Il vento, forte ed impetuoso, percorreva con rapide e tonanti raffiche la buia selva che circondava la vallata.
Alte e spesse nuvole nere ricoprivano ogni cosa, rendendo quella terra orfana persino della pallida luce lunare.
Un gelido freddo aveva avvolto ogni cosa, bussando alla porta di quella chiesetta con insistente ardore.
Il sinistro sibilo del vento e gli ululati lontani di qualche oscura fiera erano gli unici suoni che quella notte lasciava trasparire.
Il caldo fuoco donava tepore e luminosità, rendendo la chiesetta un docile e tranquillo riparo.
La legna bruciava con vigore, tra schiocchi e vampate, mentre in una ruvida teglia si cuoceva lenta l’ambita cena.
“Ecco, le verdure sono ormai ben lesse” disse il frate mescolando il contenuto della teglia “ed il lardo è sciolto a dovere. Non abbiamo carne, ma il suo odore ingannerà i nostri sensi. La fame farà il resto.”
Guardò poi il cavaliere accovacciato accanto al fuoco e chiese:
“Come va la vostra mano? Premeteci su ancora quell’intruglio che vi ho dato... vedrete che domani non sentirete più nulla.”
“La mia mano è tutta addormentata” disse Ardea cercando di scoglierla con rapidi movimenti “ed a volte mi sembra paralizzata.”
“E’ l’effetto del colpo subito.” Rispose il frate. “Inoltre, il freddo non aiuta di certo.”
“Li sapete tirare bene i colpi voi, pur essendo un chierico!”
A quelle parole di Ardea il vecchio frate rise di gusto.
“E voi, pur essendo un cavaliere, siete un gran testardo!” Replicò.
Poi aggiunse:
“Ecco, la cena è pronta... vedrete che questo pasto, per semplice che sia, vi donerà tempra e salute!”
Così i tre sedettero attorno ad una vecchia e robusta tavola e consumarono quel genuino ed austero banchetto.
“Questo liquore d’erbe” disse il frate dopo che ebbero terminato di mangiare “è fatto con le erbe di questa valle. Saprà scaldarci e concilierà il nostro sonno.”
Si sedettero poi accanto al fuoco a consumare quel rigenerante elisir.
“Perché non volevate darci ospitalità per stanotte?” Chiese improvvisamente Ardea.
Il frate a quella domanda si alzò e si avvicinò al fuoco.
Non disse nulla per alcuni istanti, fino a quando gettò nel fuoco il contenuto del suo boccale.
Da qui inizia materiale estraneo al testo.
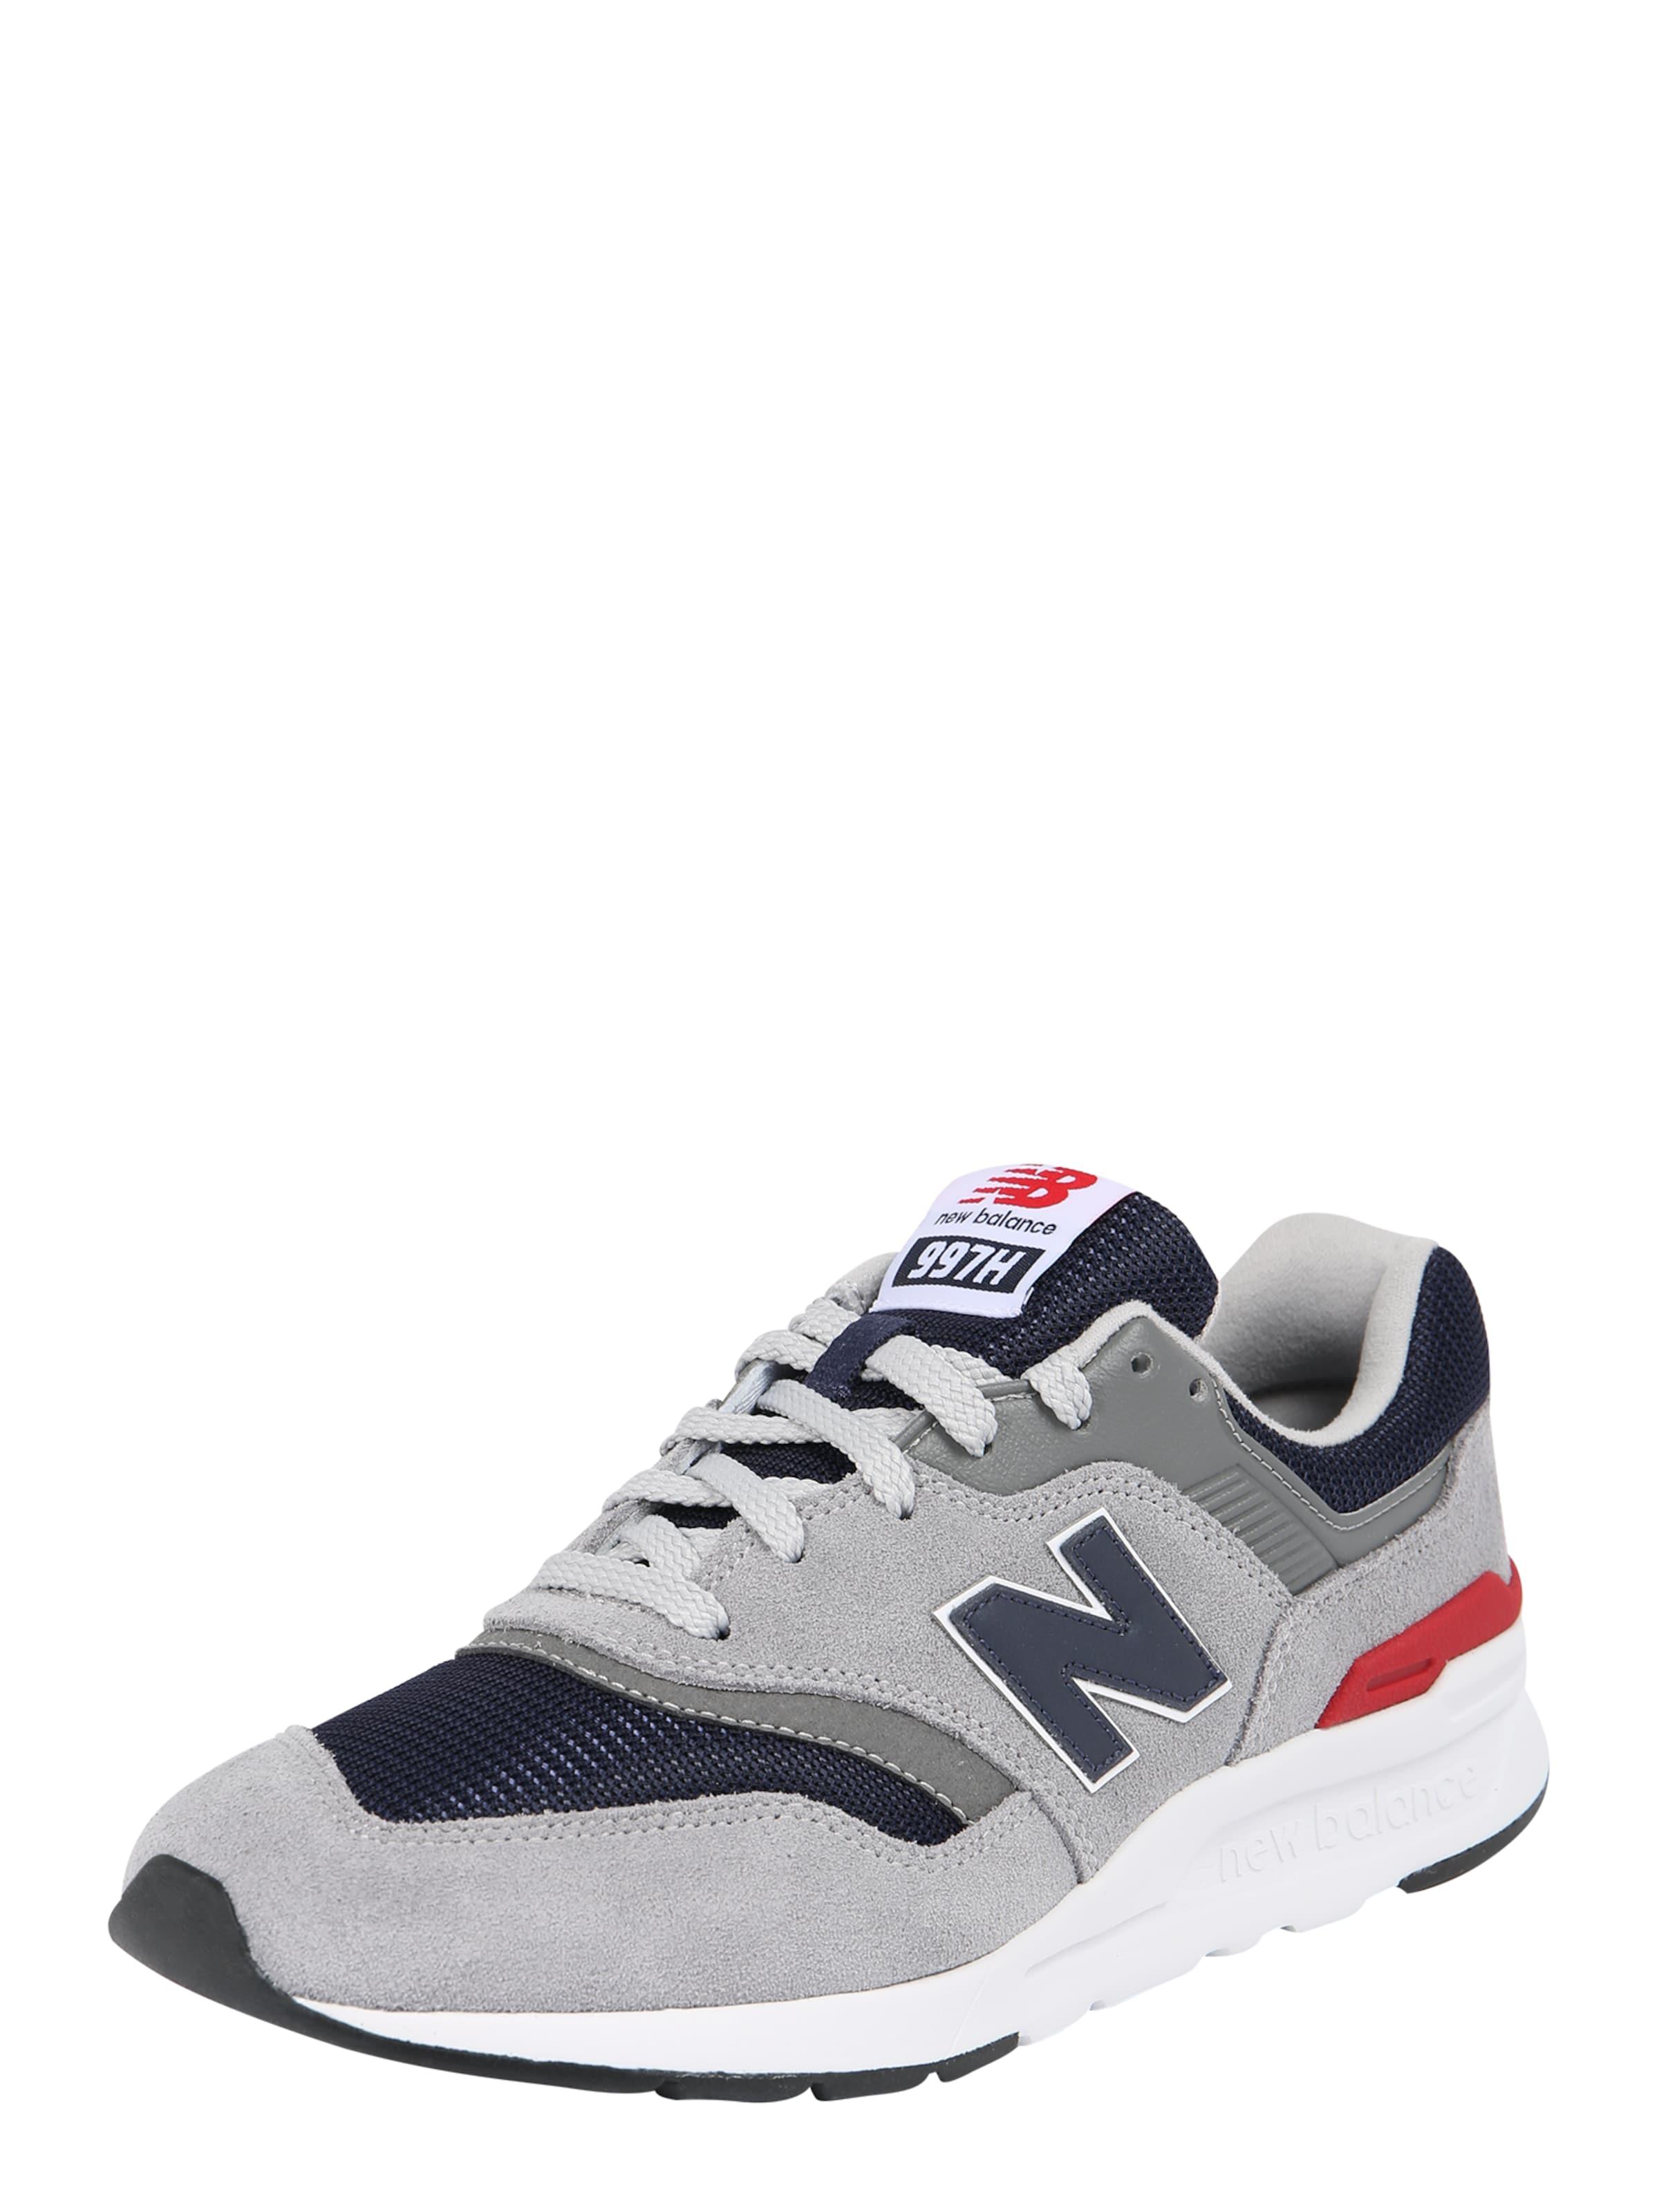 New Sneaker In Navy Balance 'cm 997' 34RLq5Aj

Una vampata si animò dal braciere ed per alcuni istanti illuminò quasi a giorno l’intera stanzetta.
Gli occhi del frate erano rossi, come se contenessero una pesante carica di rabbia pronta ad esplodere.
Fissava con intensità le fiamme del braciere come se davanti a lui si fosse spalancata la porta dell’Inferno.
Ardea e Biago lo fissavano in silenzio, ma percependo in pieno la sua inquietudine.
Poi il frate si voltò verso Ardea e lo guardò come se avesse visto il demonio in persona.
In quel momento una raffica di vento aprì rumorosamente una delle finestre, facendola sbattere con forza contro la parete di pietra.
Il vento da fuori soffiava forte, come se portasse con se i peggiori auspici del mondo.